Intermitências oníricas

04:18

Ele queria encomendar um ou até mesmo comprá-lo, mas o velhote da loja da esquina não estava disposto a vendê-lo. Era dele, desde o alvorecer até ao pôr-do-sol. Não havia maneira de fazê-lo compreender que os sonhos não estão sujeitos às leis da oferta e da procura.

O velhote quis explicar-lhe que aquilo era o que ele tinha de realmente seu na vida e que ninguém lho poderia roubar. O outro ameaçou-o, mas em vão. A força do sonho residia na persistência daquelas mãos morenas e enrugadas.

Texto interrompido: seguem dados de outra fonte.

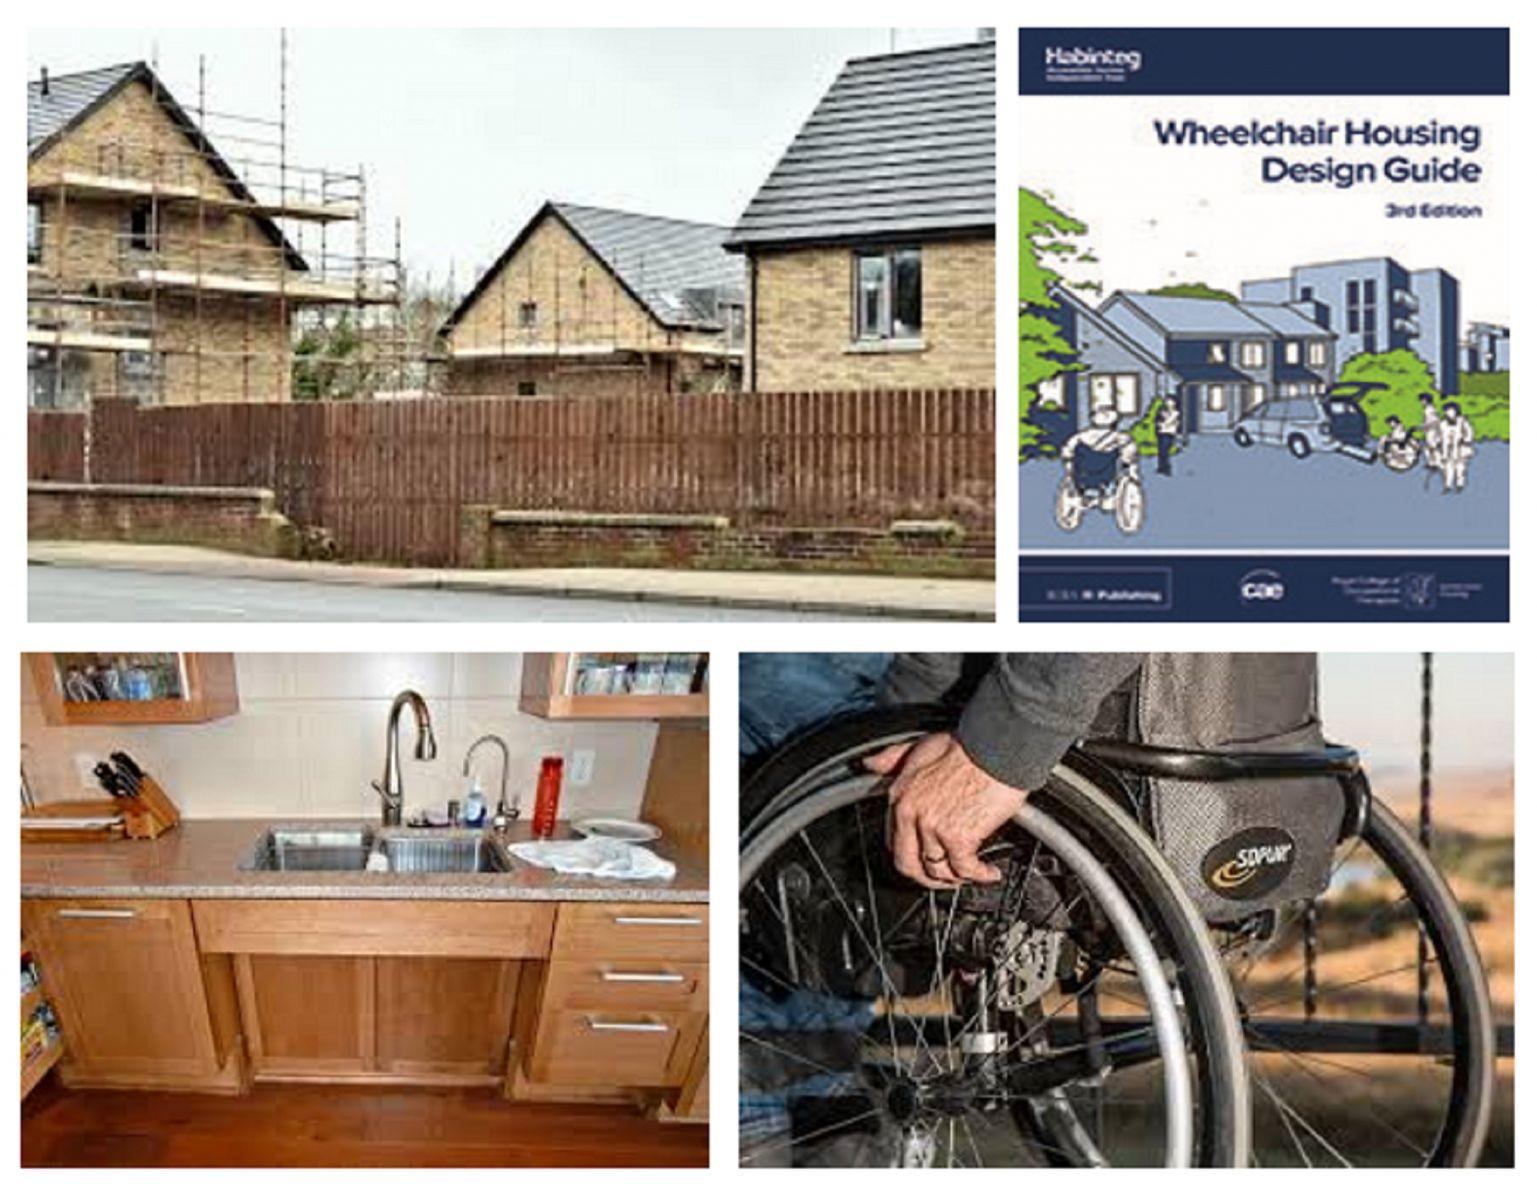 wheelchair housing design guide how to recane a chair habinteg release 3rd edition of

Então, o outro pediu um sonho igual. “Não há sonhos gémeos”, atirou o velhote. O outro estava disposto a pagar um preço alto. Ele só queria um sonho partilhado, uma cópia do sonho alheio ou um sonho colectivo. No fundo, ele só queria ter um para se sentir preso à vida.

O velhote acreditava no seu sonho, lutava e sofria para o concretizar. Desde novo, percebeu que não o podia encomendar ao fornecedor da sua loja, onde todos os outros encontravam o que precisavam. Foi por isso que ele lhe bateu à porta no final da manhã e o ouviu dizer: “Os sonhos são o único território que exclui as tendências monopolistas e capitalistas que te dominam. Os sonhos são abstracções específicas daquilo que não temos, portanto, devem ser feitos à nossa medida, sem fita métrica ou microscópio.”

Ele defendeu-se, dizendo que podia ter tudo quanto desejasse, inclusivamente o sonho do velhote. Empenhou-se, contudo sem lograr nem sentir que o sonho é aquilo que nos abraça por dentro, com tempo, em silêncio e sem pressa.